GPUs were introduced in the late 1990s, originally to accelerate the 3D rendering tasks in video games. Over the years, the scope of GPUs has expanded, and now we can see them be used in domains such as deep learning, artificial intelligence, and other high-performance related applications. However, major limitations of using specialised hardware like GPU or TPU are the complexities they introduce into hardware and software infrastructures as “added devices,” complexities that in the end translate into costs.
What if there was a way to use good old commodity CPUs while delivering the speed and efficiency of a GPU?
Sign up for your weekly dose of what's up in emerging technology.
Neural Magic, founded by Nir Shavit and Alexander Matveev, is attempting to do just that. Analytics India Magazine recently interviewed Nir Shavit, who is also an MIT professor. Prof Shavit is a co-author of the book The Art of Multiprocessor Programming. He won the 2004 Gödel Prize in theoretical computer science for his work on applying tools from algebraic topology to model shared memory computability and the 2012 Dijkstra Prize in Distributed Computing for the introduction of Software Transactional Memory.
CPU vs GPU
“My primary field of work has been multicore processing. Back then, I was working on a project with Harvard University in computational neurobiology. For this project, we had to run machine learning algorithms at very large scales to extract neural structures in mouse brains from electron microscopy images. Being multicore guys, we decided to attempt designing the machine learning algorithms first on CPUs instead of GPUs, and later move them to GPUs. We observed that our algorithms, running on a multicore CPU delivered the same performance as the best GPU at that time, the Pascal” said Prof Shavit.
This experiment gave birth to the idea for Neural Magic – a company that would deliver GPU speeds for running neural networks on commodity CPUs. Parallel computing, which GPUs offer, is considered to be the best way to carry out large amounts of instructions.

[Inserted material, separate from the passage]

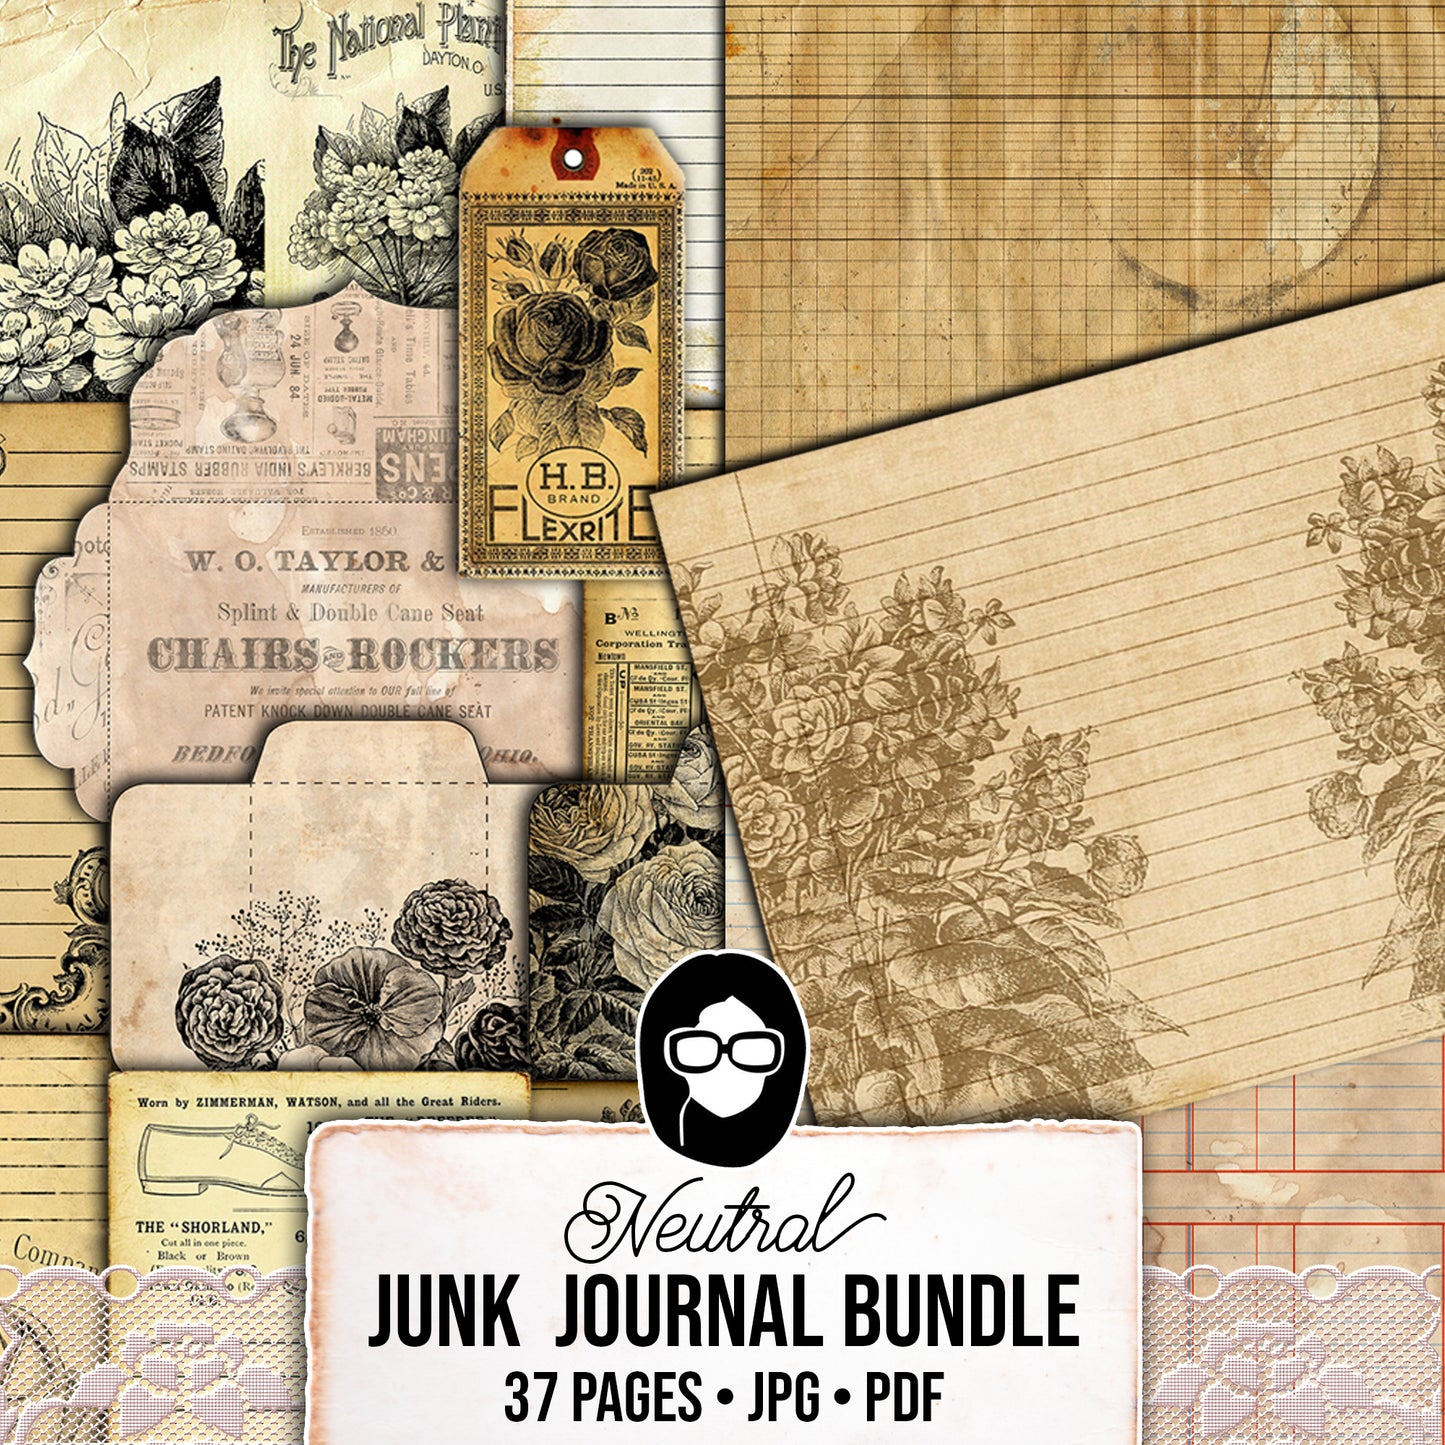 Junk Journal Starter Kit, Neutral Journal Ephemera, Bundle #4 -37pg Digital Download- Cards, Pockets, Tags, Envelopes, Printable Vintage Art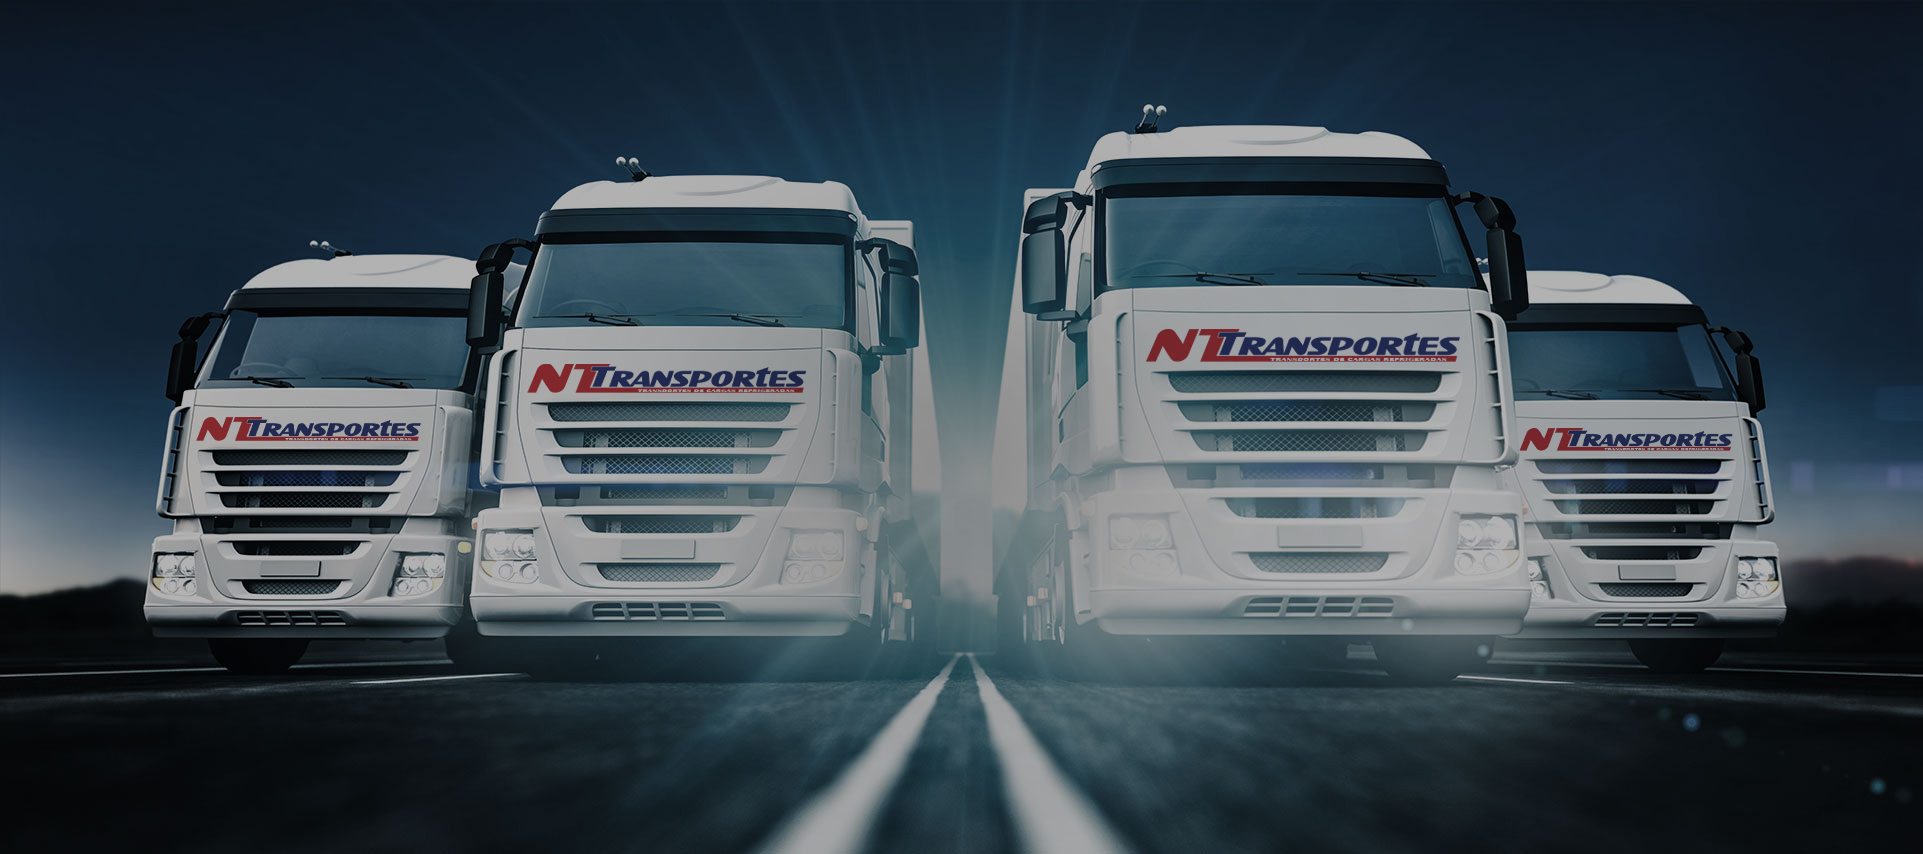 NT Transportes | Especializada em Transportes de Cargas Refrigeradas - A NT  Transportes atua no mercado de cargas refrigeradas há mais de 27 anos,  conquistando a confiança de clientes e parceiros nos

Drawing further on the analogy with the human brain, Prof Shavit said, “If we think that AI will take the path of mimicking human intelligence, we would have to focus on little compute and more memory. Our brain really is a device that uses specific areas for different tasks at different times. If all your brain was running at once, you could fry an egg on it — it would get so hot! Fortunately, our brain functions sparsely. Similarly, we have these big models that run through all the layers of the network at the same time; it is ridiculous.
This is not sustainable, and soon we will have large models, but different parts of it will fire at different times. This is where we are headed, and that’s my prediction. Devices like CPUs are very good at caching while having a very large memory, and such devices are best suited for machine learning. I’m not saying that the CPU today has all the features that it needs but from an architectural point of view, I think it’s better suited for the future than 1000s of tiny cores, all running in parallel in synchronous mode. In this context, it is important to talk about Google’s Pathways model performing tasks on part of the model while remaining sparse in terms of computation. The models will get even more sparse.”
Future of ML is hardware agnostic
The structure of GPU was originally designed for the acceleration of image processing. In this application, parallelism is very important as developers need to render images in a short amount of time. But when it comes to machine learning applications, Prof Shavit said that GPUs only offer a marginal difference over CPUs. While hardware is important in machine learning, more efficient software makes a model superior. “Algorithms have many more orders of magnitude of freedom in which to look for better solutions than hardware. Once you design a piece of hardware, you have to now fit the software onto it. You are, in a way, committed to that piece of hardware. But if we use a general-purpose CPU, we can circumvent this challenge,” said Prof Shavit. Interestingly, he cites the work of NVIDIA and calls it a great software company, despite its reputation as one of the leading chipmakers in the world.
What is next for Neural Magic?
Prof Shavit, citing Marc Andreesen of Andreessen Horowitz (Silicon Valley-based VC firm that has invested in Neural Magic), said, ‘software will eat the world‘. He added that this upcoming trend offers the flexibility just to download, install and run programs. This is the principle on which Prof Shavit’s company runs too. “As opposed to buying expensive GPUs for your machine learning tasks, you can go to our (Neural Magic) website and download software and run the inference immediately on commodity CPUs including the ones in your laptop. This makes a big difference, and with time, people are going to see its advantage,” he said.
Although a niche field, there are other competitors of Neural Magic; what separates them from other companies is that they deliver the same kind of performance as the accelerators. Apart from that, the tools offered by Neural Magic are flexible and easy to use.
Currently, the company is focused on building a community. All the software is open-sourced, except for the core engine. “We would like people to come, develop their models and do all the machine learning that they need on the Neural Magic Inference Engine, said Prof Shavit. Neural Magic raised USD 30 million in the Series A funding round in October 2021, bringing the total raised to over 50 million.
Speaking about the company’s long term goals, he spoke about the upcoming wave of democratised software systems structure. “You need to be able to move your application, containerised or other, from place to place; it should be very easy to do that. This is where we’re headed. You don’t have to start renting or buying GPUs and installing them. You download the software install, and you’re on your way. This is the vision towards which we are working,” he concluded.